Tiling pentominoes into a 5x5x5 cube
I have this wooden puzzle composed of 25 y-shaped pentominoes, where the objective is to assemble them into a 5x5x5 cube. After spending quite a few hours unsuccessfully trying to solve the puzzle, I finally gave up and wrote a program to try all possible combinations using backtracking. Analyzing the results revealed that for every solution found, the computer made - on average - 50 million placements and removals of pieces. This is obviously beyond my capabilities as a human, even if I can see a few steps ahead that a partial solution leads to a "dead end".

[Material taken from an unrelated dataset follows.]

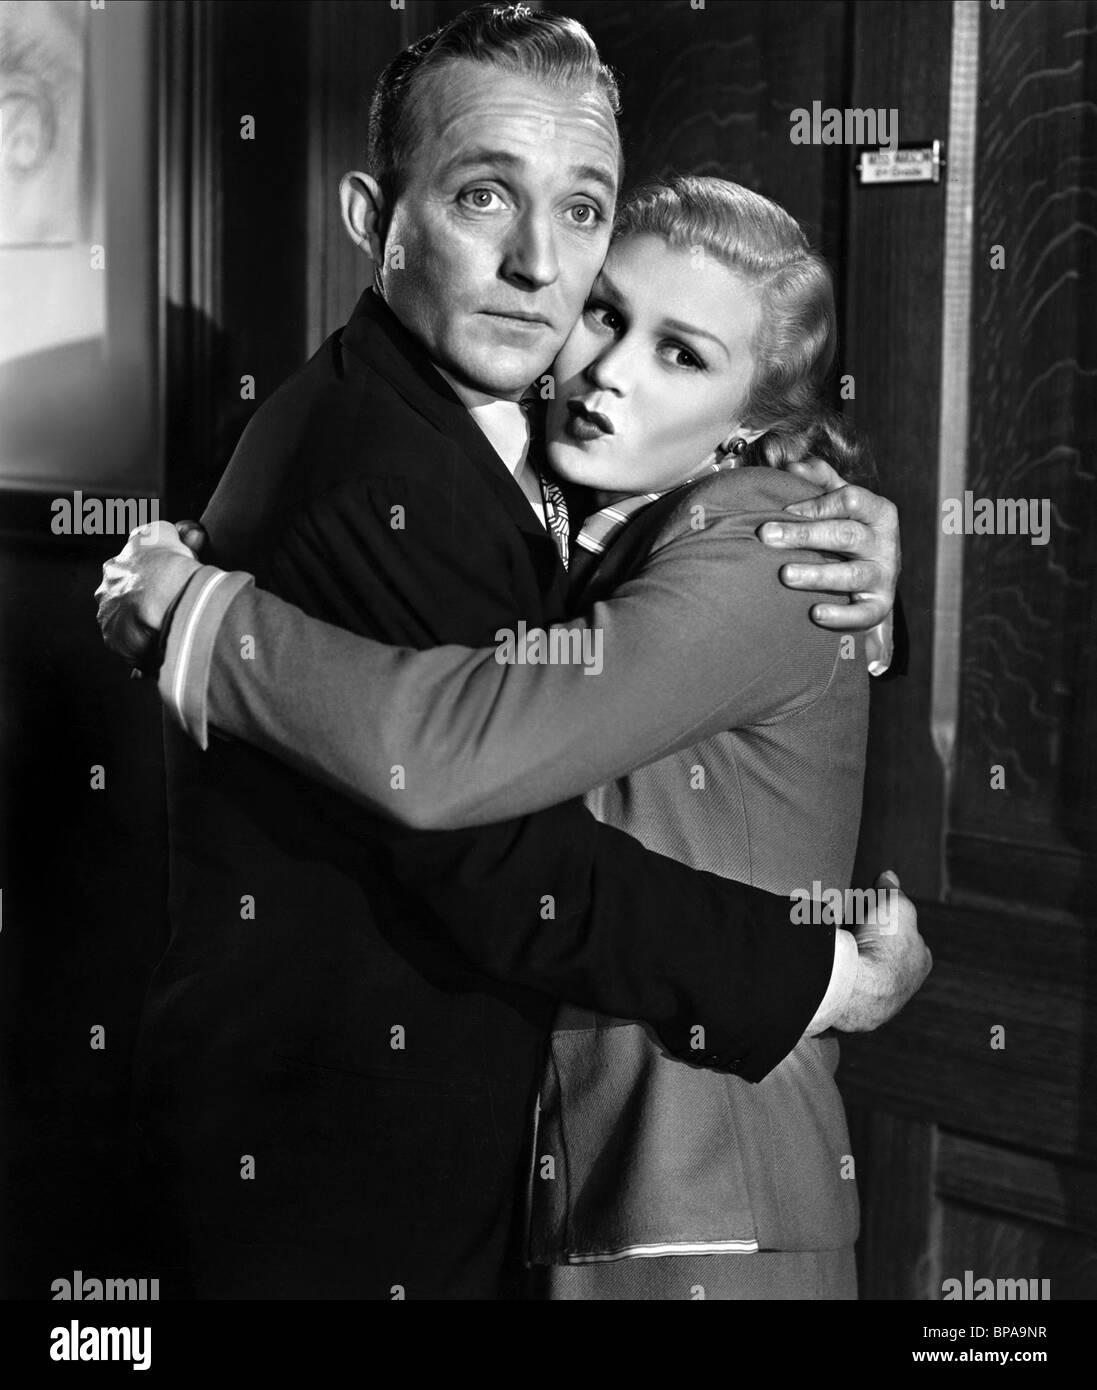 Bing crosby joan caulfield welcome stranger 1947 stock image

So, my question is this: given that the puzzle is so symmetrical, is there some way to significantly prune the search tree (maybe even making it possible for me to solve the puzzle on my own)?
(sorry for the poor quality)
Solution 1:
Get Burr Tools. It takes less than a minute to set up this problem, and then a few minutes to generate 1264 solutions. I'm not sure if that's all solutions, the solver tells me 22 minutes are now needed to completely check the solution space. (EDIT -- Total solving time = 24.8 minutes)
A slightly more interesting problem is 25 N pentominos in a cube. There are 4 solutions, found in 2.6 minutes. Many other interesting puzzles are compiled at Puzzles will be played
Solution 2:
First, a few thoughts about this specific box packing problem. It might be possible to pack this box by packing the "y" polycube into 25 cells in 5 identical layers. This corresponds to collapsing this 3-D shape into a polyomino in the plane, and then using it to pack a 5x5 rectangle. However, this polyomino can not tile a 5x5 rectangle. (The terminology for polyominoes is not totally standard but some use the order of a polyomino to mean the smallest number of copies of this shape to tile a rectangle with congruent copies of itself.) The order of this polyomino is 10.
Second, there is lots of material about polyominoes and to a lesser extent box packings in the books:
S. Golomb, Polyominoes: Puzzles, Patterns, Problems, and Packings (Revised Edition), Princeton U. Press, 1994.
G. Martin Polyominoes, MAA, 1991.
Third, there are a variety of papers related to polyominoes and boxes at Michael Reid's very nice site with links to others:
http://www.math.ucf.edu/~reid/Polyomino/
http://www.math.ucf.edu/~reid/Research/index.html
Fourth, there are "complexity" results which govern the general problem of given a collection of tiles (either in 2-D or 3-D) when can one use them to tile some particular shape (say a rectangle or rectangular box). Here is a paper related to this of Erik Demaine:
http://erikdemaine.org/papers/Jigsaw_GC/
Also see:
http://archive.ite.journal.informs.org/Vol5No3/Chlond/index.php
Solution 3:
While you talk about pruning the search tree through symmetry, generally the best way I've seen to approach these problems is by breaking cells down into classes or layers; for instance, many of the classic polyomino non-tiling problems can be solved with suitable colorings, and constraints provided by colorings can help reduce the search space immensely (e.g., the Soma cube result that the 'T' piece must have its spine on an edge of the cube). The thing that jumps out at first glance is the 'intermediate' layer of cells, the 26 cells that are neither on the outermost face of the cube nor the center cell. Whatever piece occupies the center must also occupy at least (and in fact, exactly) three of these cells, and any piece that's not wholly on an outer layer occupies at least one, with many placements forcing several cells to be occupied; it seems intuitively like they might be at a premium and that that's a constraint worth investigating. The section on the Soma cube in the last volume of Winning Ways For Your Mathematical Plays has some discussion of these sorts of colorings, and that might be a good place to start.